Brew Facts: Goose Island, which is legally named Fulton Street Brewery LLC, was purchased by Anheuser-Busch InBev in 2011. For 5 years leading up to the 2011 purchase, Anheuser-Busch InBev handled the breweries distribution. When Goose Island was sold, brewmaster Greg Hall stepped down and went on to found Virtue Cider.
Appearance: Initially poured into a water goblet (no snifter?) by our waitress, but the action on this beer is tame. When I distribute the rest of the beer, the thinnest brown head flares on the final pour, but the beer resists any attempts to agitate it. A light tan ring around the glass rims the calm, dark pool of this berry mistress (oh, the poetry!). Sudsy brown bubbles coat the glass on swirling.
Aroma: The aroma wafts out in a powerful cloud of buttery whiskey and jammy raspberry sweet overtones. No need to bury your nose in the glass as the scent hits you from a foot away. There are flirty hints of dark chocolate and maybe, just maybe some roast/raisin as well. I say maybe because the berries have such a massive presence that it’s difficult to pick out subtleties.
Taste/Mouth Feel: Just like other variations of Bourbon County, the Backyard Rye is thick and syrupy with the tinniest presence of carbonation. Not quite velvety, but rolls around the mouth and down the throat without reminding me of cough syrup. The taste starts with tangy booze and stays smooth to a cherry/raspberry flair. There is a vague presence of vanilla that barely surfaces from the fruity sweet depths. The diacetyl/whiskey elements blend well and just become part of the overall experience. The beer finishes with light roast and a huge hit of dark berry sweet and chocolate. As a beer, it verges on cloying, but would probably work as an indulgent berry, chocolate liquor. Reducing this and serving it over ice cream would be spectacular.
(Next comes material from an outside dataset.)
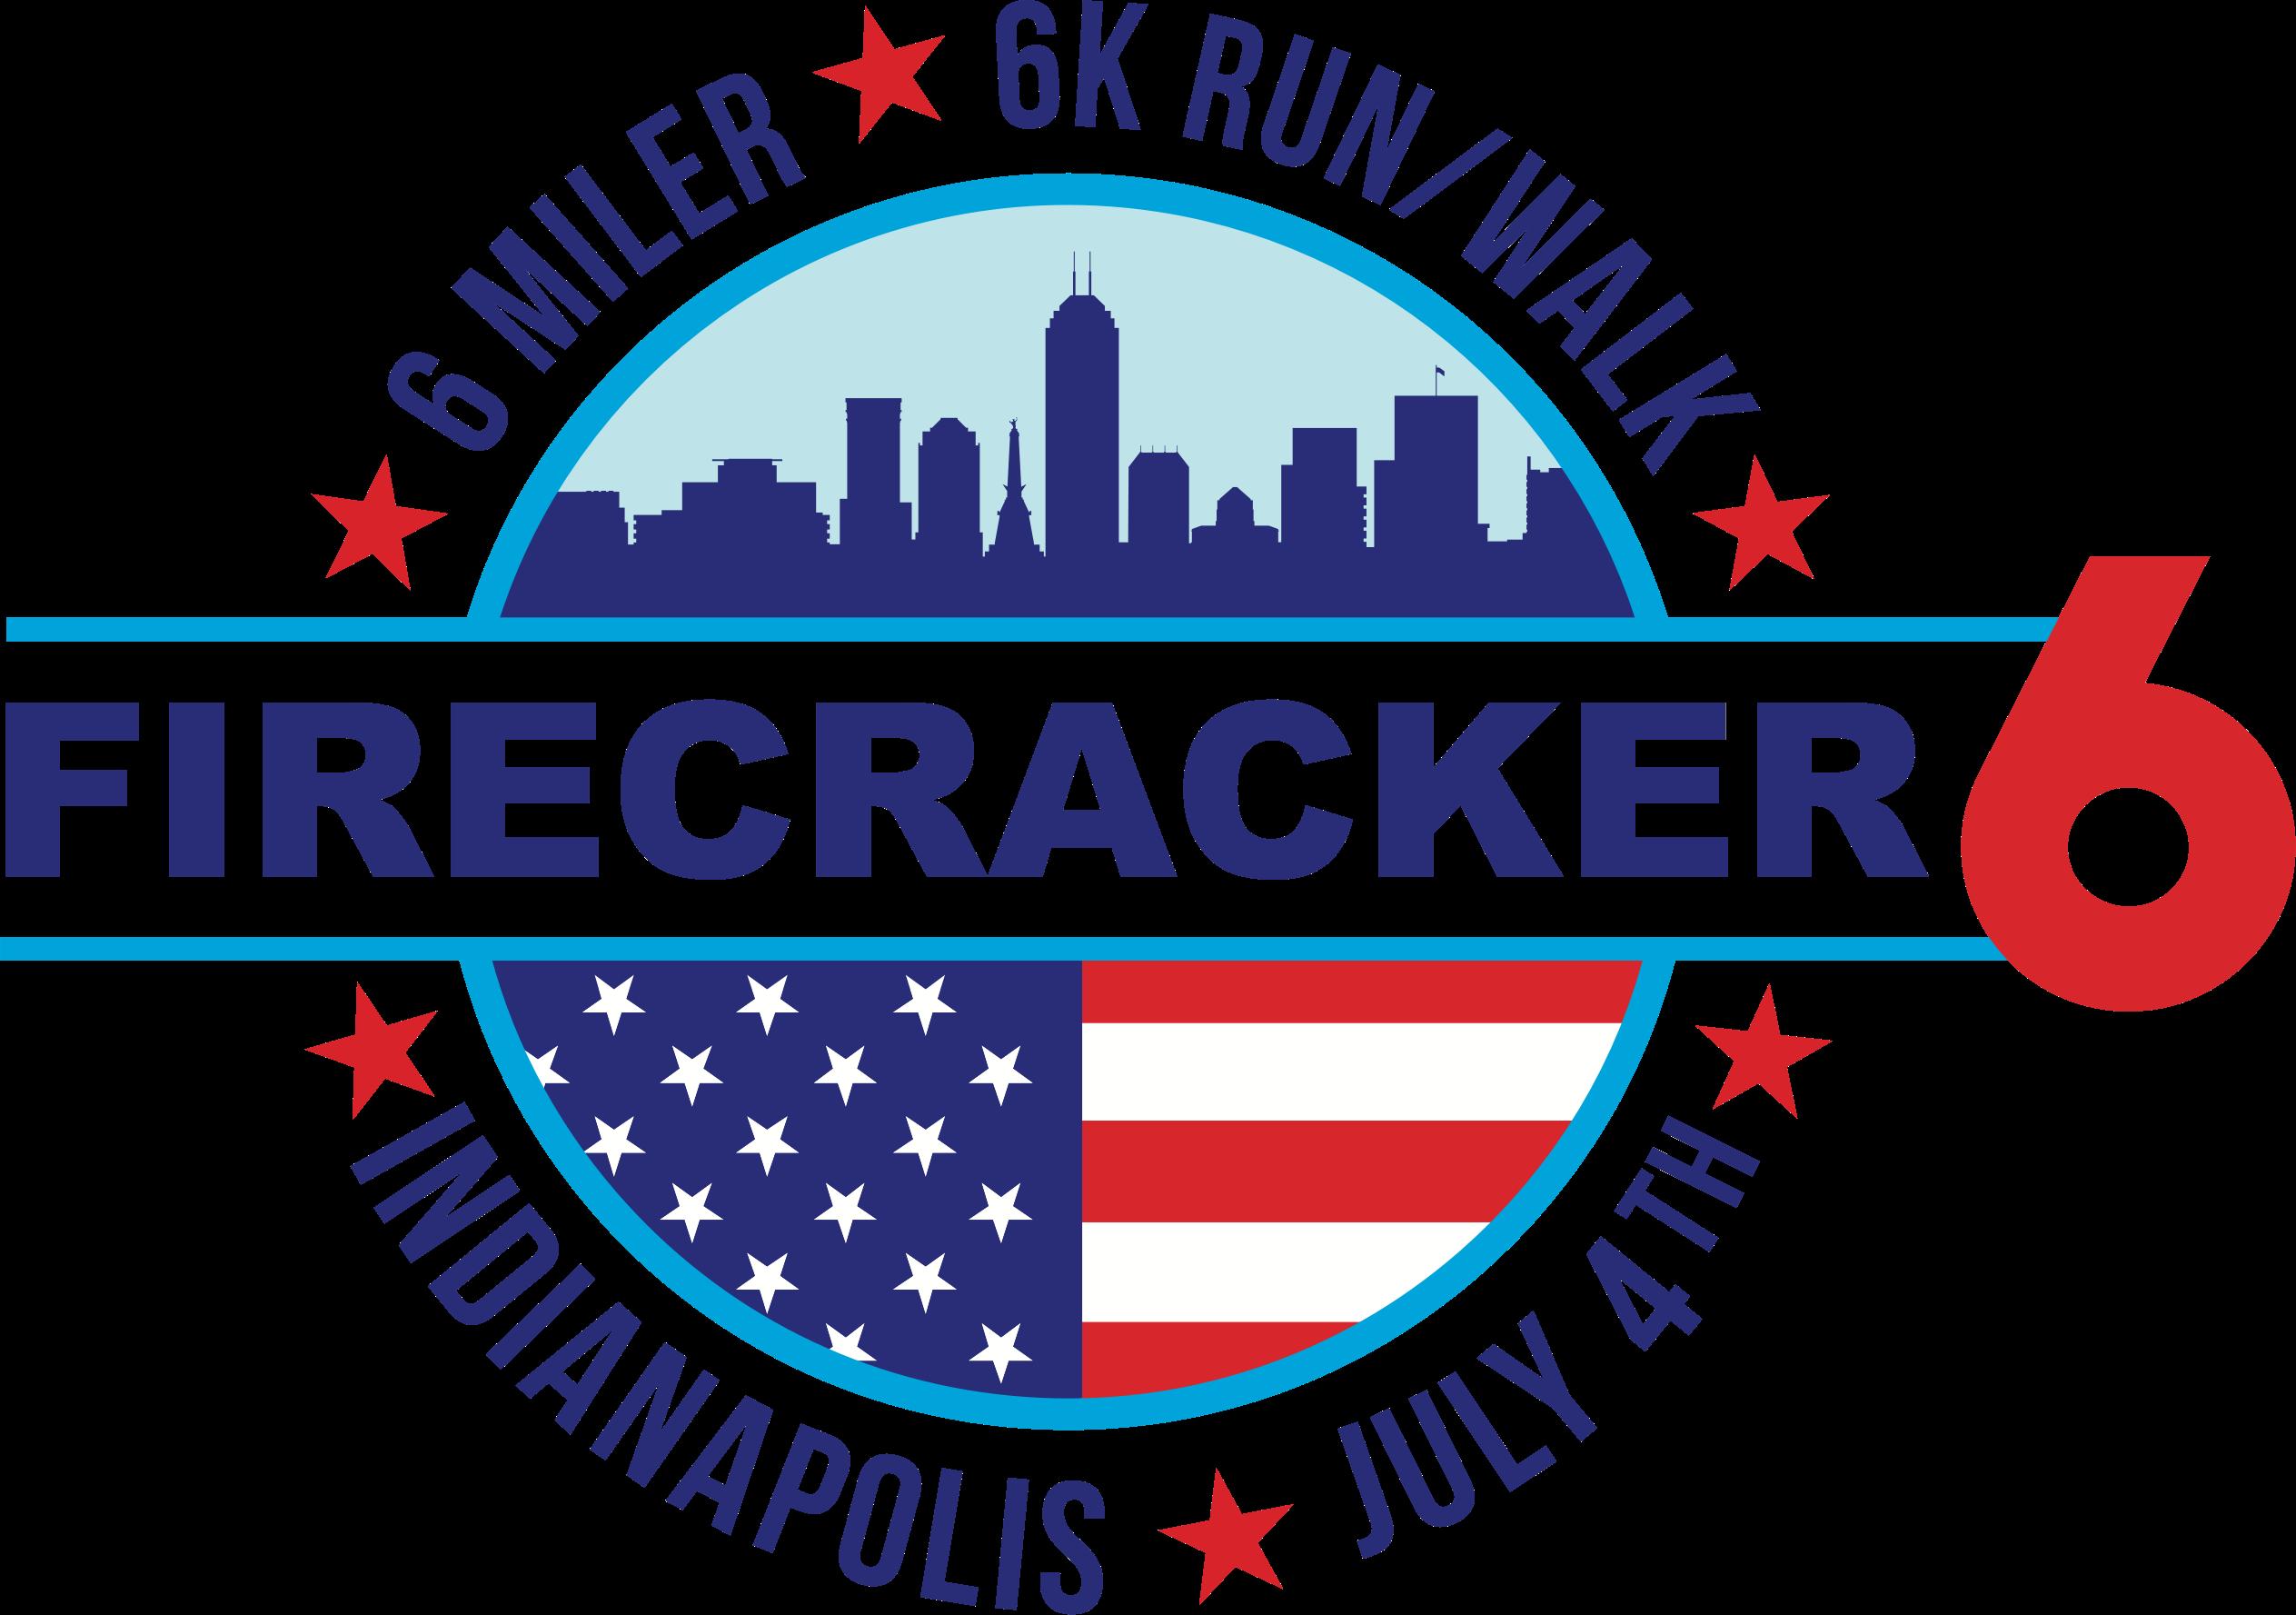 firecracker6_city

I also see this as an ideal sipping beer once you and your guests have retired to the parlor after a heavy dinner.
Final Thoughts: Quite the fruity beer. The syrupy mouth feel and extreme fruit may be overindulgent for some. It’s rich berry teeters on cloying, making a modest pour thoroughly enjoyable, but a single glass (possibly a cordial glass) is all I would want. This doesn’t strike me as a beer you want to age either as the sugary quality could get out of control. The 30 dollar price tag I paid for the privilege of this beer is a pretty large markup that most people won’t have to deal with. I don’t mind over paying for an experience once, but I don’t think I would pop for it a second time at that price. That said, if Goose Island decides to brew this for next year’s batch, I’d gladly hunt down a bottle for 15-20 dollars when it is released around the end of November. The bottom line is that this is a dessert beer built for sipping, sharing, and pairing and one I’m glad I got the opportunity to try even if I had to overpay for it.